5.5 min to train on a PDP/11 you mean to tell me we could have been doing this a...

rahen · 2026-03-28T21:35:57 1774733757

Yes. The Cray supercomputers from the 80s were crazy good matmul machines in particular. The quad-CPU Cray X-MP (1984) could sustain 800 MFLOPS to 1 GFLOPS, and with a 1 GB SSD, had enough computer power and bandwidth to train a 7-10M-parameter language model in about six months, and infer at 18-25 tok/sec.

A mid-90s Cray T3E could have handled GPT-2 124M, 24 years before OpenAI.

I also had a punch-card computer from 1965 learn XOR with backpropagation.

The hardware was never the bottleneck, the ideas were.

lucasfin000 · 2026-03-29T14:24:06 1774794246

Post-quantum crypto is a good example of this. Lattice-based schemes were theorized in the 90s, but they took decades to actually reach production. The math existed, the hardware existed, and the ideas for making it work were just not there yet.

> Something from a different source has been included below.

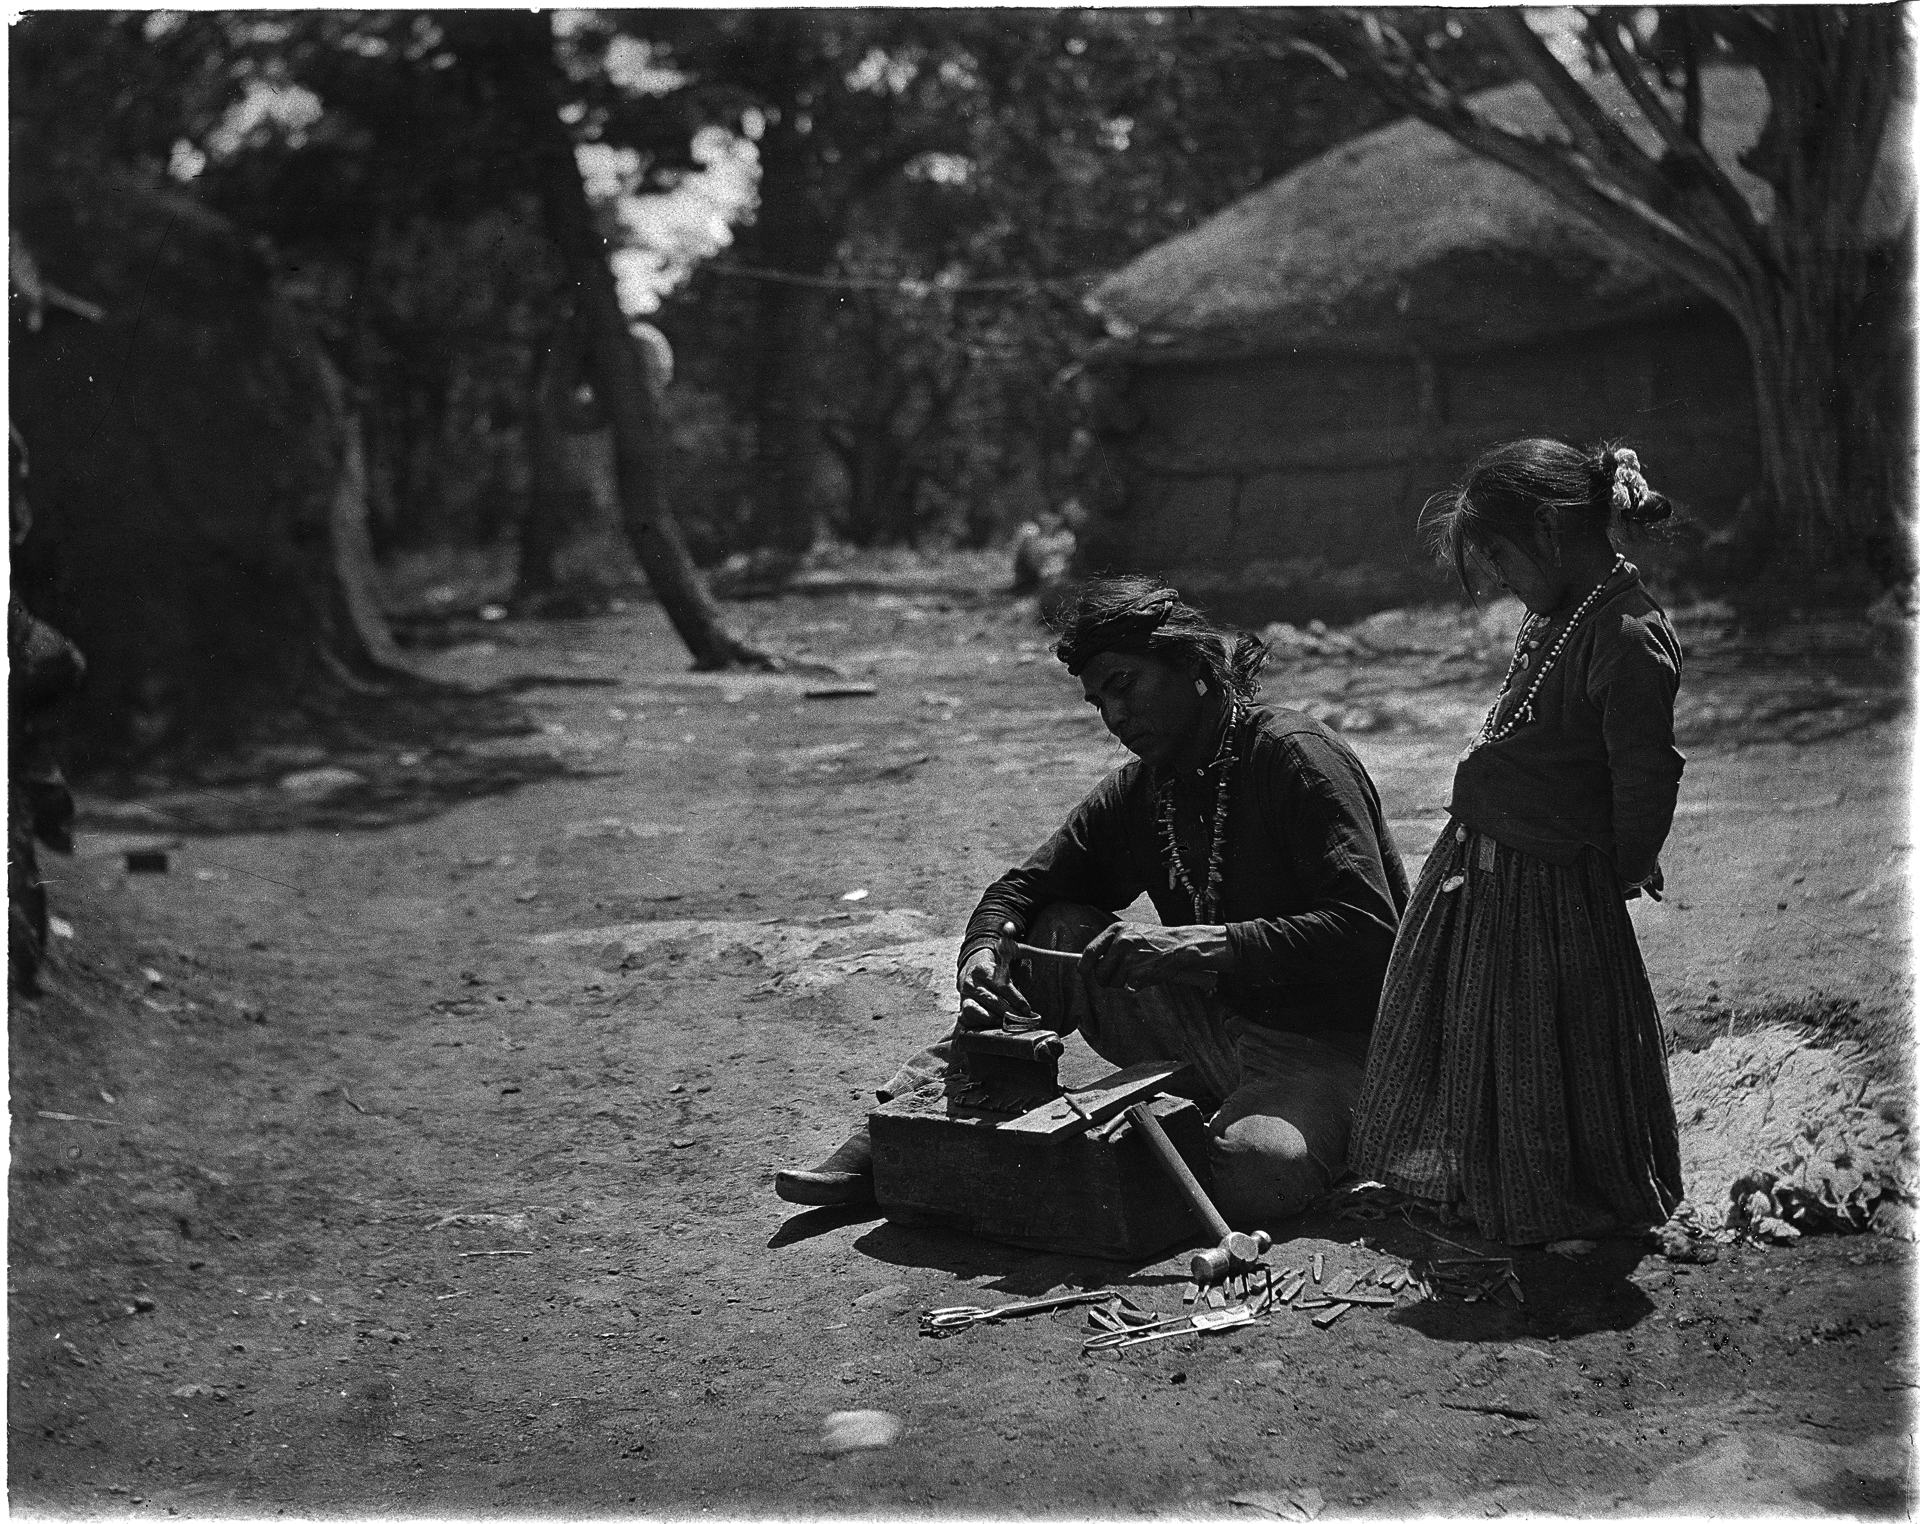 Black and white photo of a child standing next to a sitting adult hammering at an object. Behind and to their left are trees and a house-like structure.

CamperBob2 · 2026-03-29T04:13:53 1774757633

The hardware was never the bottleneck, the ideas were.

For sure. Minsky and Papert really set us back.

Onavo · 2026-03-29T06:26:57 1774765617

They should have lived to see the results of the bitter lesson.

CamperBob2 · 2026-03-29T15:50:15 1774799415

Minsky came close (d. 2016) -- although he may have had other interests later in life, if the Epstein file dumps are to be believed.